Re-evaluating clinical trials to ensure their effective progress

iStock / Getty Images Plus / Maksim Tkachenko

Dr Janet Woodcock

Acting Commissioner, US Food and Drug Administration (FDA)

Strengthening clinical trial capabilities and infrastructure is key to yielding actionable data. 

The COVID-19 pandemic has posed challenges to the conduct of all clinical trials, including those for COVID-19. To advise investigators during the pandemic, the Food and Drug Administration (FDA) issued guidance on how best to adapt trials, including recommendations on the use of virtual visits and methods for secure delivery of medications.  

The agency also issued guidance to help expand the availability and capability of low-risk, non-invasive medical devices for remote patient monitoring.

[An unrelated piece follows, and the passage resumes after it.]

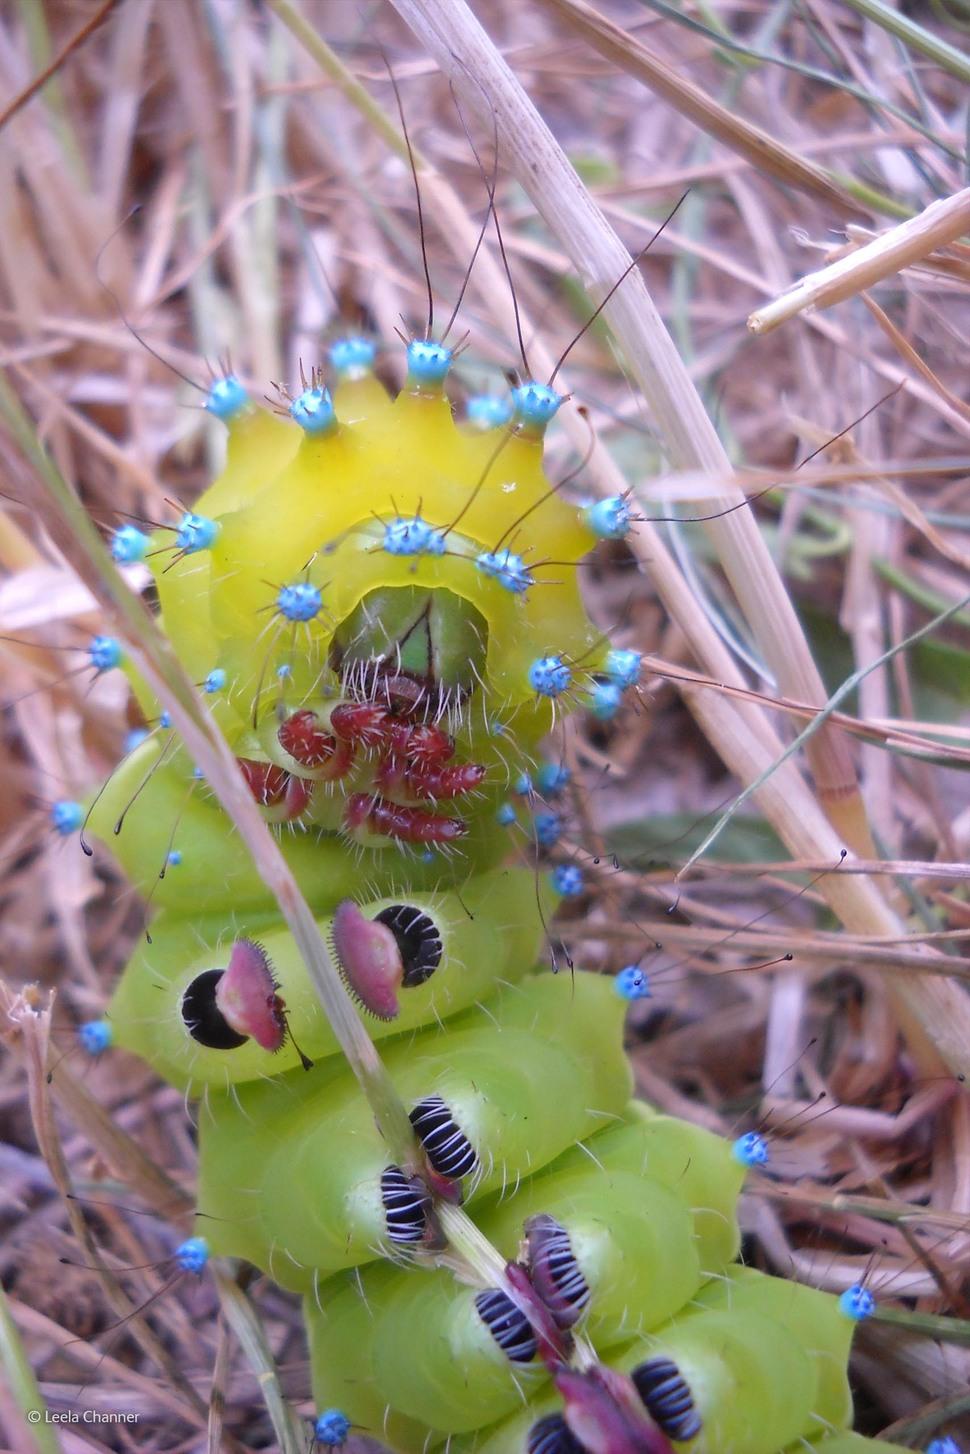 「巨型孔雀蛾幼蟲」(攝影: Leela Channer)
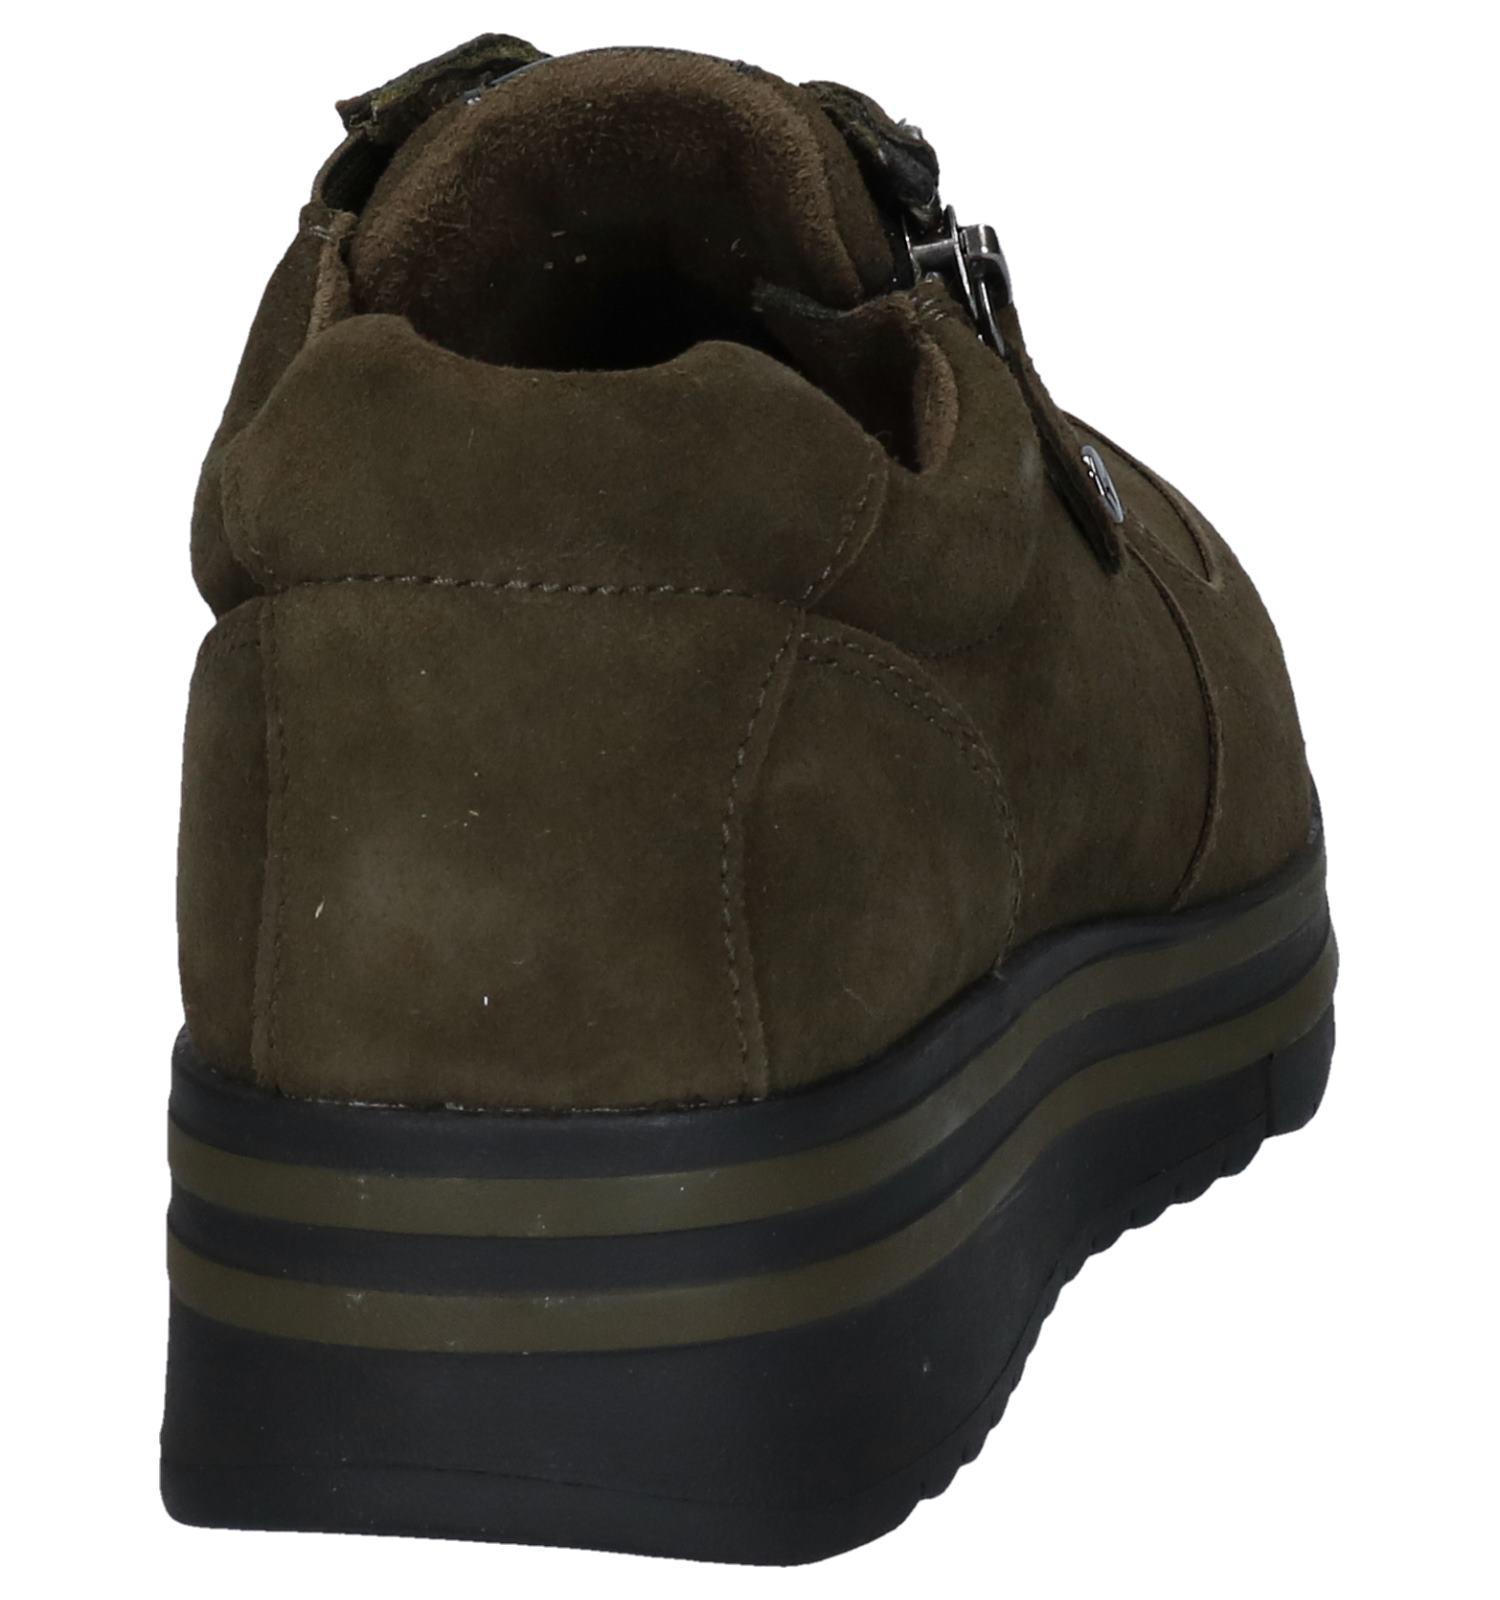 Tamaris Et Chaussures Lacets KakiTorfs À be En Vert Livraison k0OP8nwX

Updating policies and utilising available technology have been key to making sure trials can continue. 

Assessing global clinical trial data 

Specific to the intense efforts to find effective therapies for COVID-19, our scientists recently conducted an assessment of clinical development efforts worldwide, focusing on data from ongoing interventional clinical trials.  

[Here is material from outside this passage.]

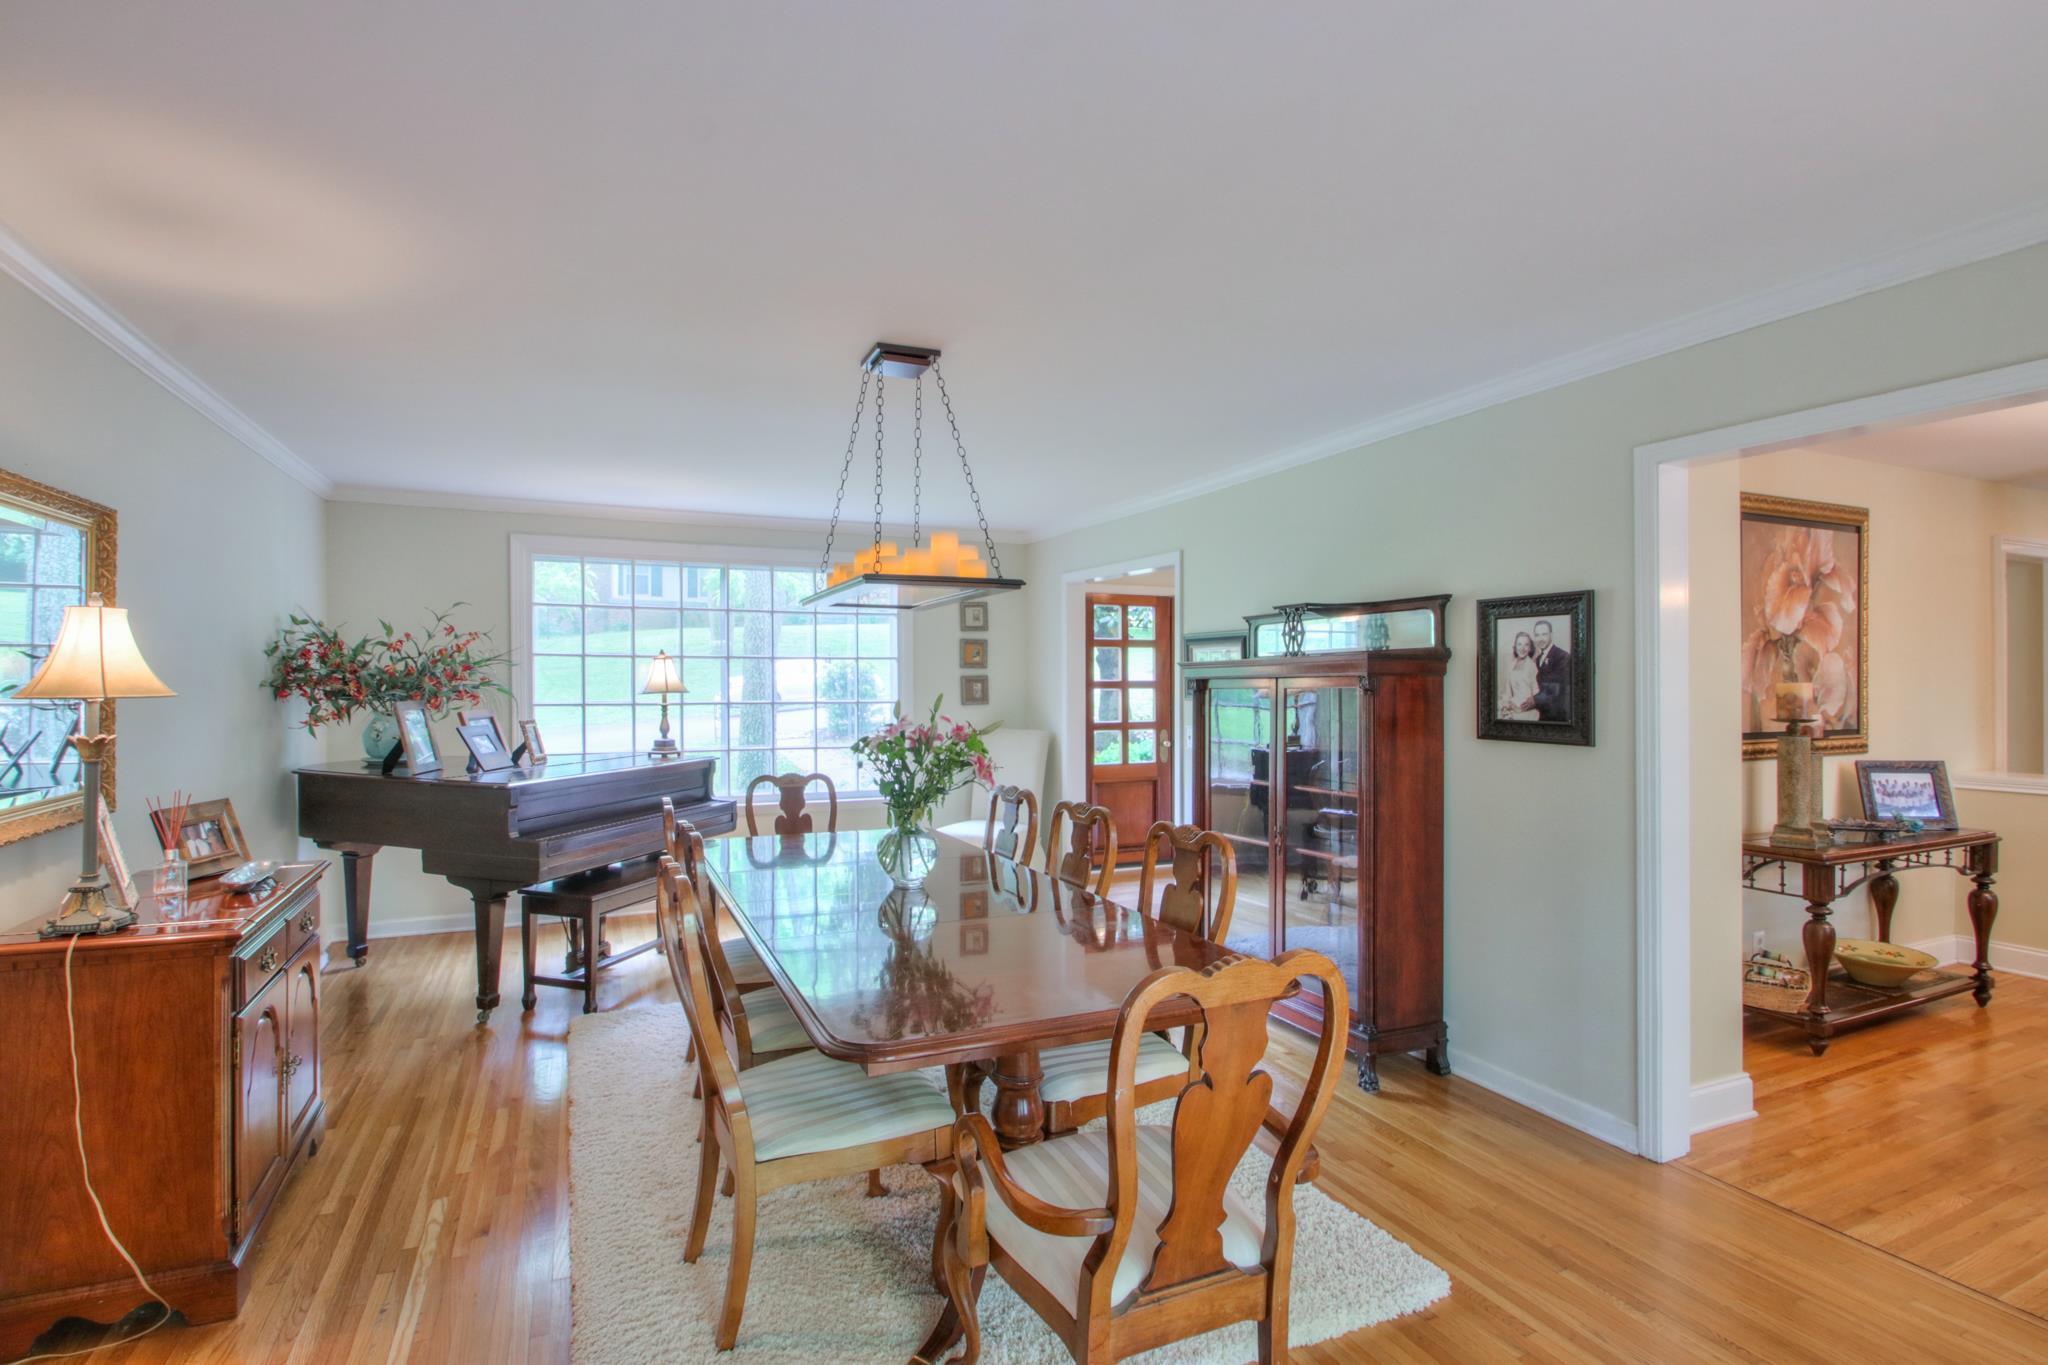 $514,900 - 4Br/3Ba -  for Sale in West Meade Highlands, Nashville

The most important finding was that the vast majority of global trials of therapeutics for COVID-19 are not designed to yield actionable information—low randomisation rates and lack of adequate statistical power render the results suggestive at best. Notably, there was great duplication of effort among registered trial arms, with multiple small trials studying similar interventions in similar populations. In addition, despite the millions of patients infected, enrolment was often slow, as trials could generally be set up only at traditional sites. 

All stakeholders must participate in a re-evaluation of how clinical evidence generation is carried out.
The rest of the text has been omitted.